**TASK STATEMENT:** A verbatim transcription of the listing below is required, without its pictures.

-- STORED DATA follows --

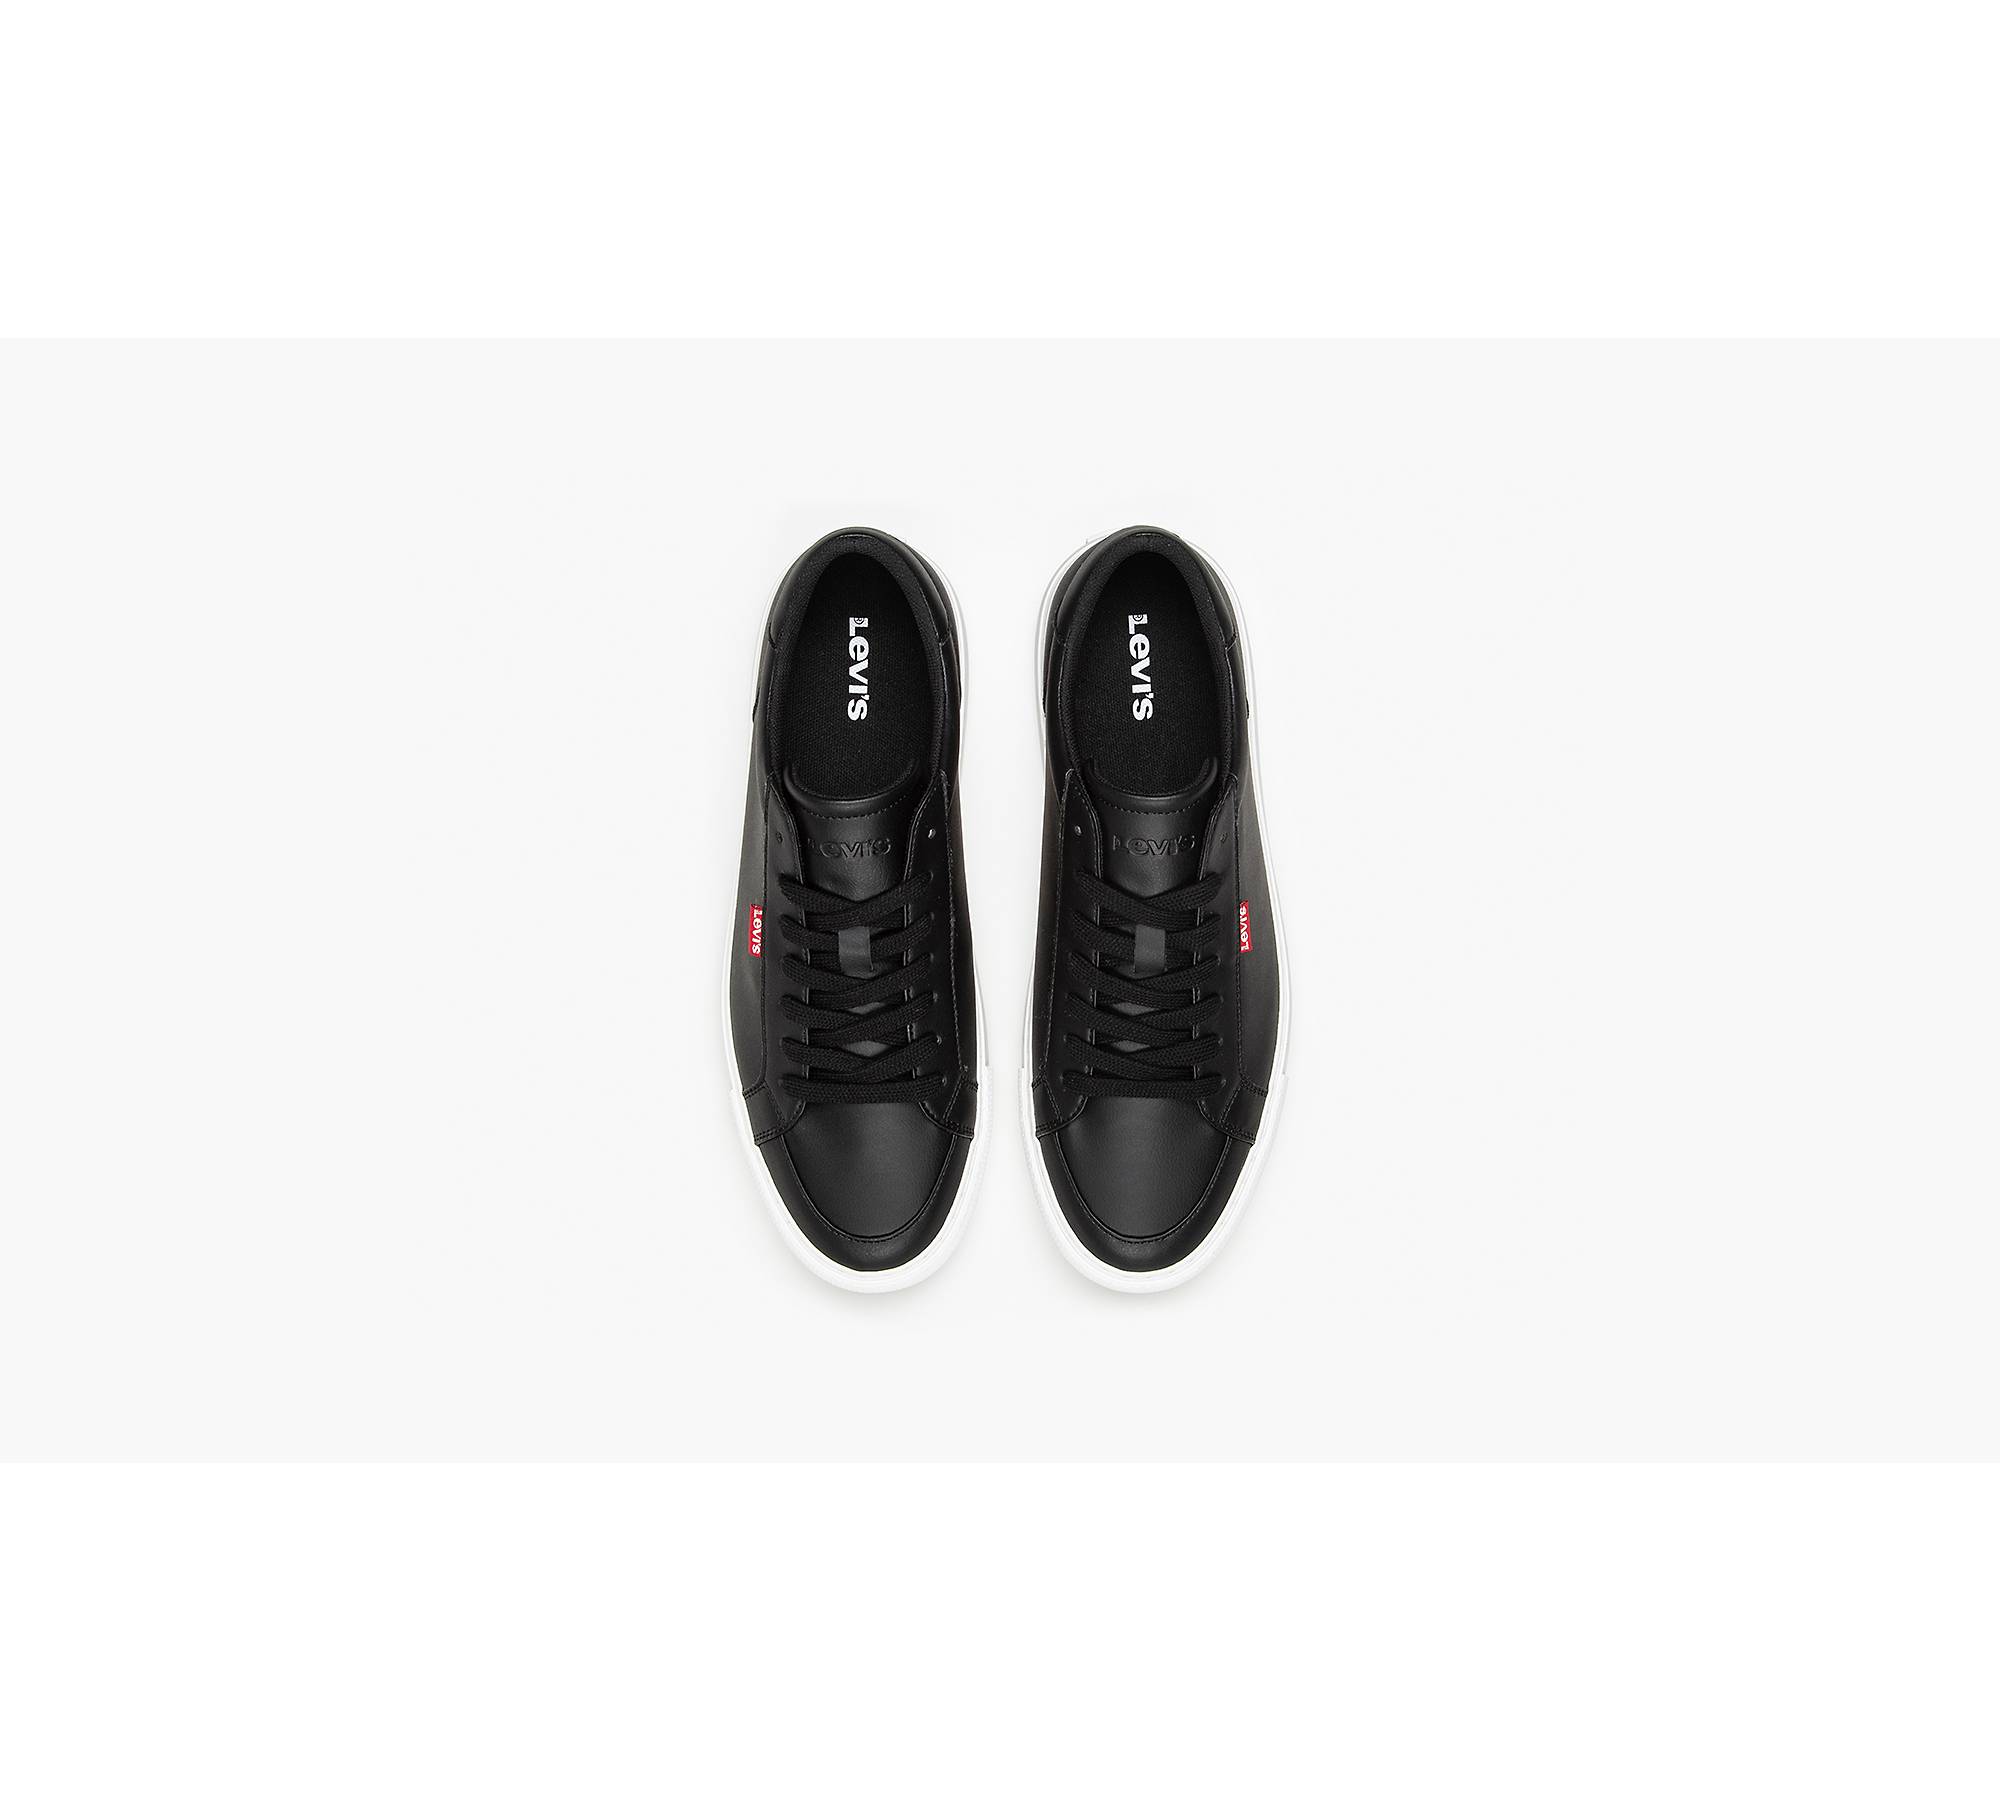 Woodward Rugged Low Sneakers - Black | Levi's® FI
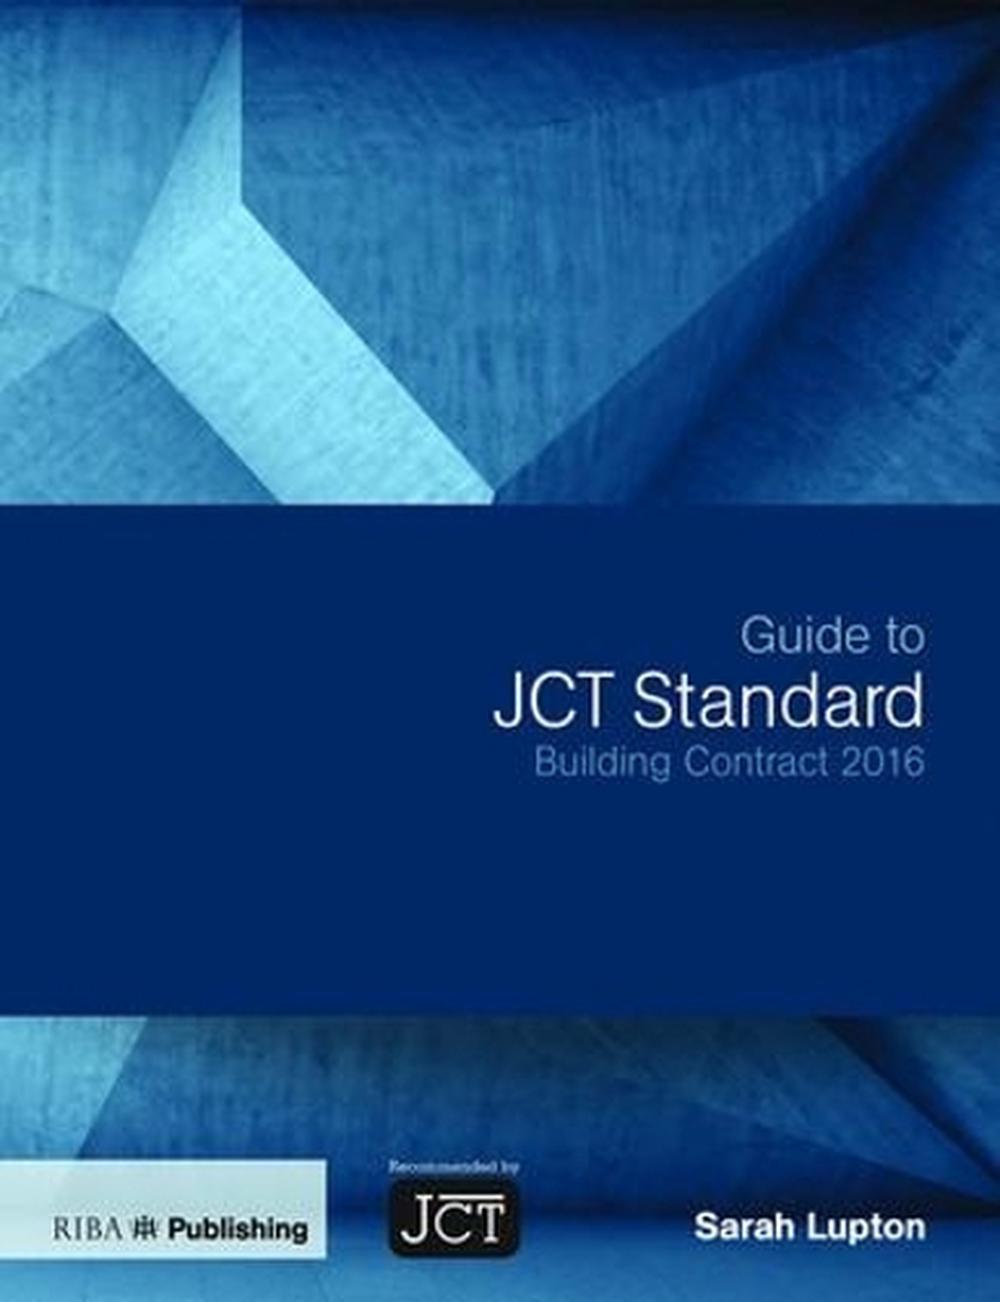 Guide to JCT Standard Building Contract 2016 by Sarah Lupton (English
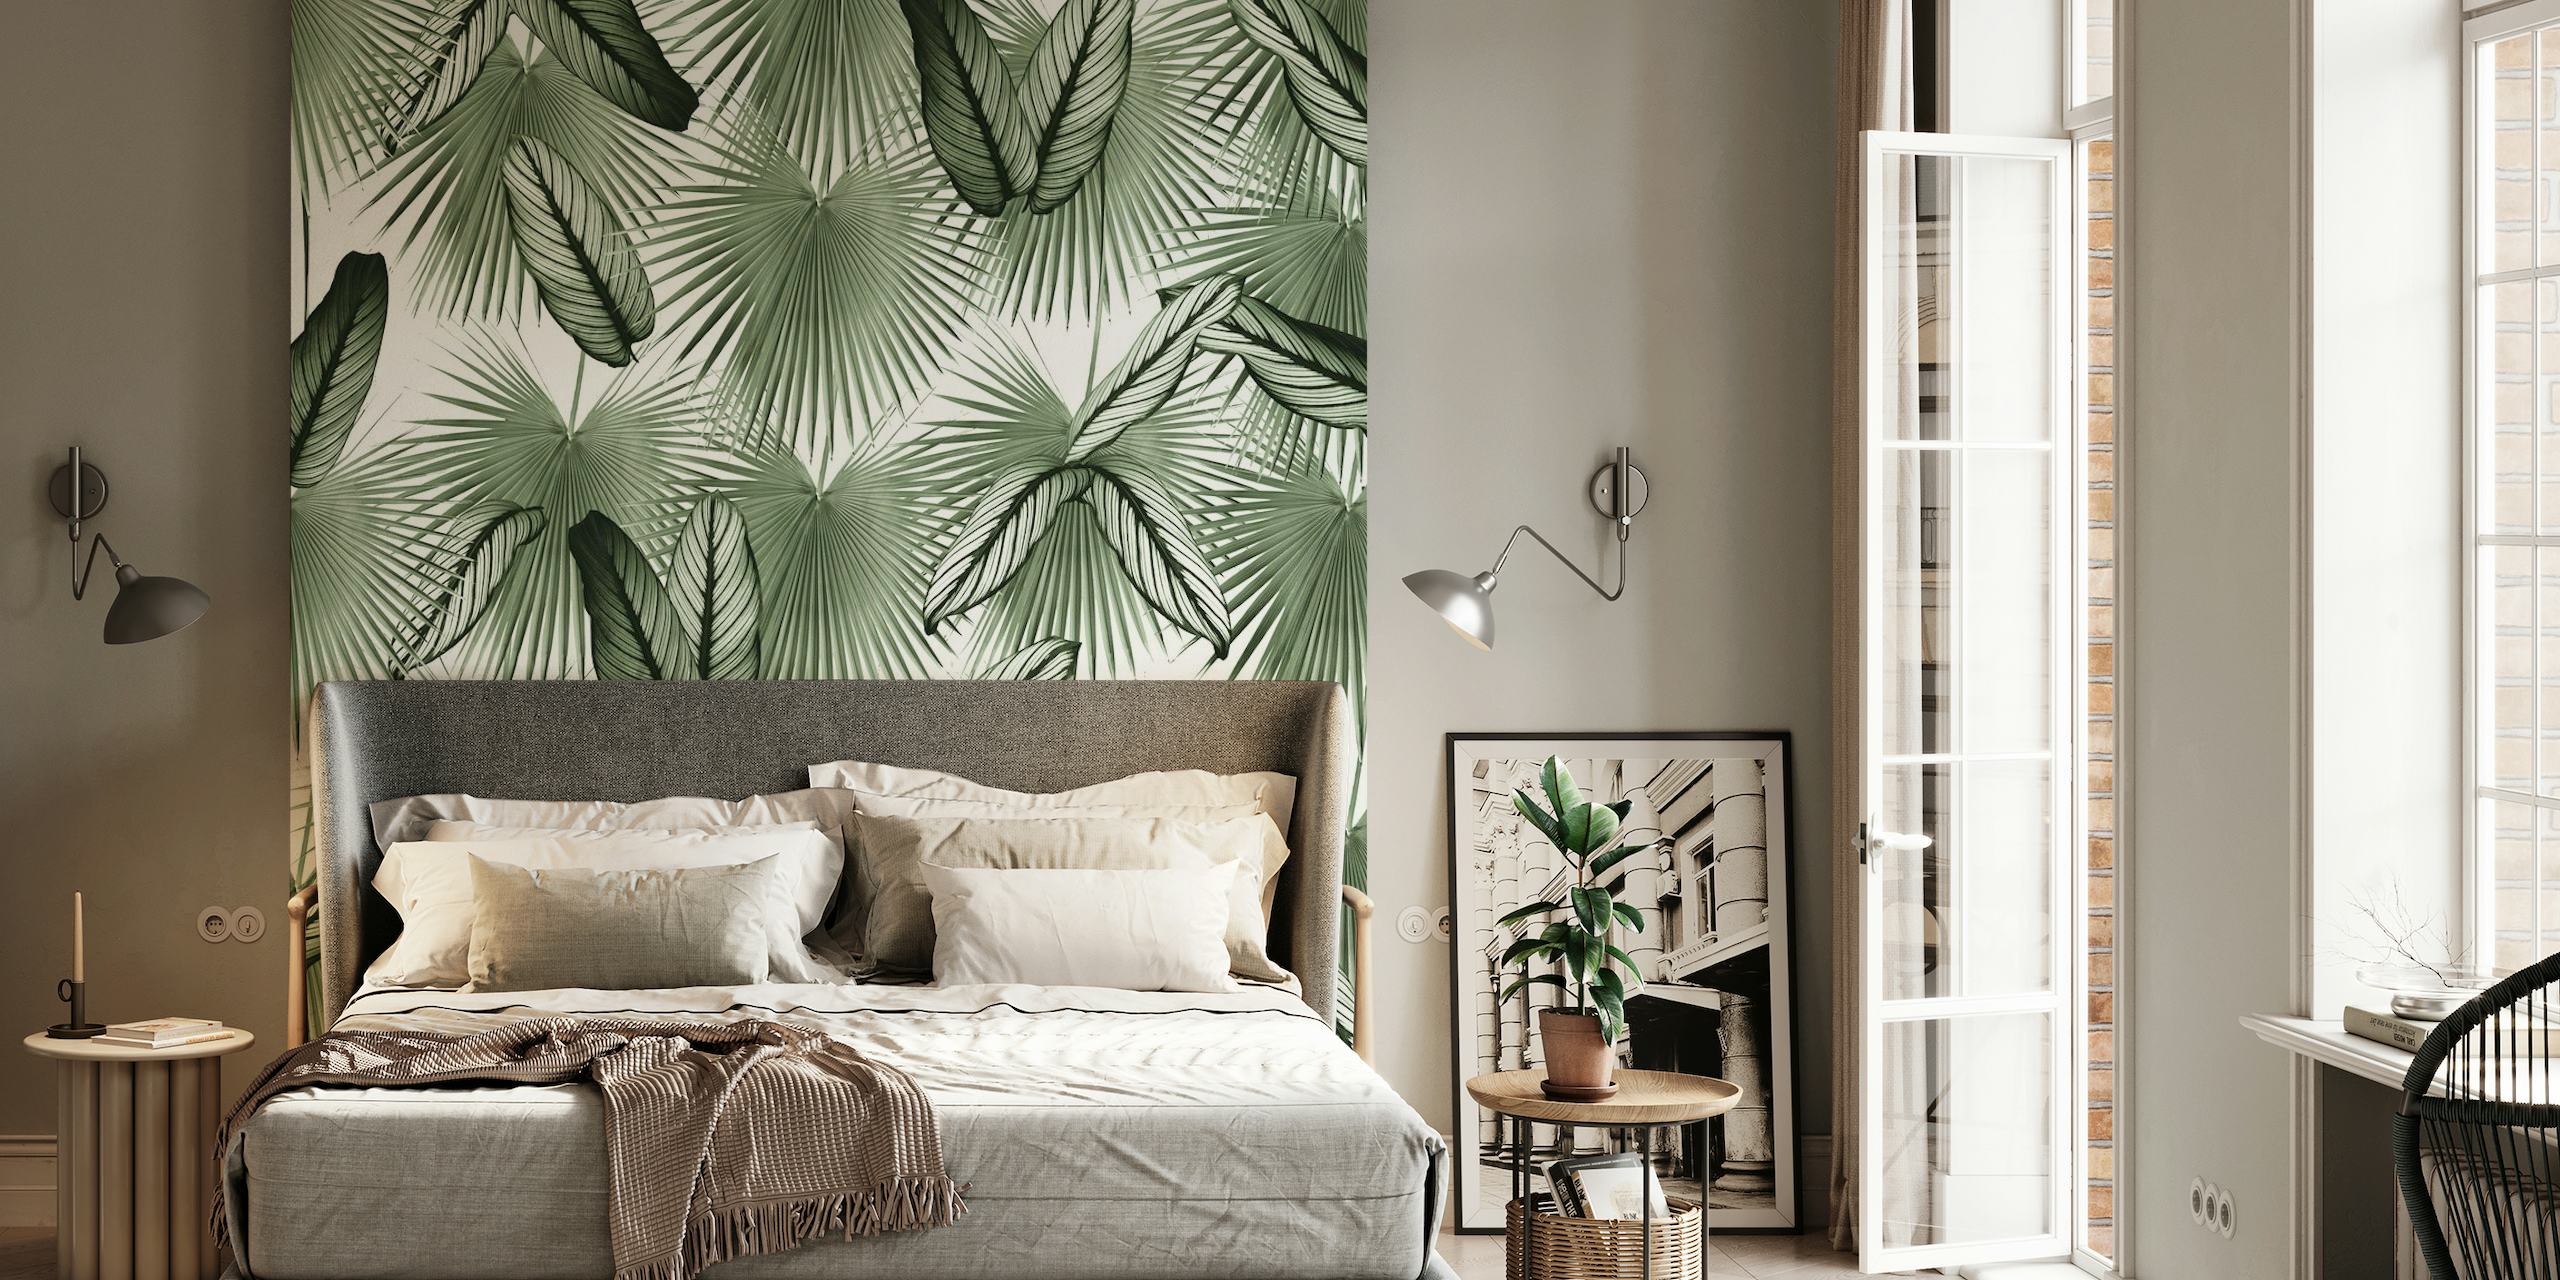 Calathea Fan Palm Leaves wall mural showing detailed tropical foliage in monochrome greens.

-- STORED DATA concluded --

**ANSWER TO THE PROBLEM:**
 Woodward Rugged Low Sneakers - Black | Levi's® FI
 Guide to JCT Standard Building Contract 2016 by Sarah Lupton (English
 Calathea Fan Palm Leaves wall mural showing detailed tropical foliage in monochrome greens.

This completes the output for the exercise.